- _What needs to be done_: Word for word, set down every line of the entries below from the line with "The Colonel's Review" to the line with "on 09 June 2012 at 10:57, image #145", including both, and no other line.

- _Source data_:
▬▬▬
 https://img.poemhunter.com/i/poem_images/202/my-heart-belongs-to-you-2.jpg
▬▬▬
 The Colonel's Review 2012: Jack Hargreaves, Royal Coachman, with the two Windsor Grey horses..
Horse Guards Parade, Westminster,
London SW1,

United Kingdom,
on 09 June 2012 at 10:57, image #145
▬▬▬
- _Your solution_:
 The Colonel's Review 2012: Jack Hargreaves, Royal Coachman, with the two Windsor Grey horses..
Horse Guards Parade, Westminster,
London SW1,

United Kingdom,
on 09 June 2012 at 10:57, image #145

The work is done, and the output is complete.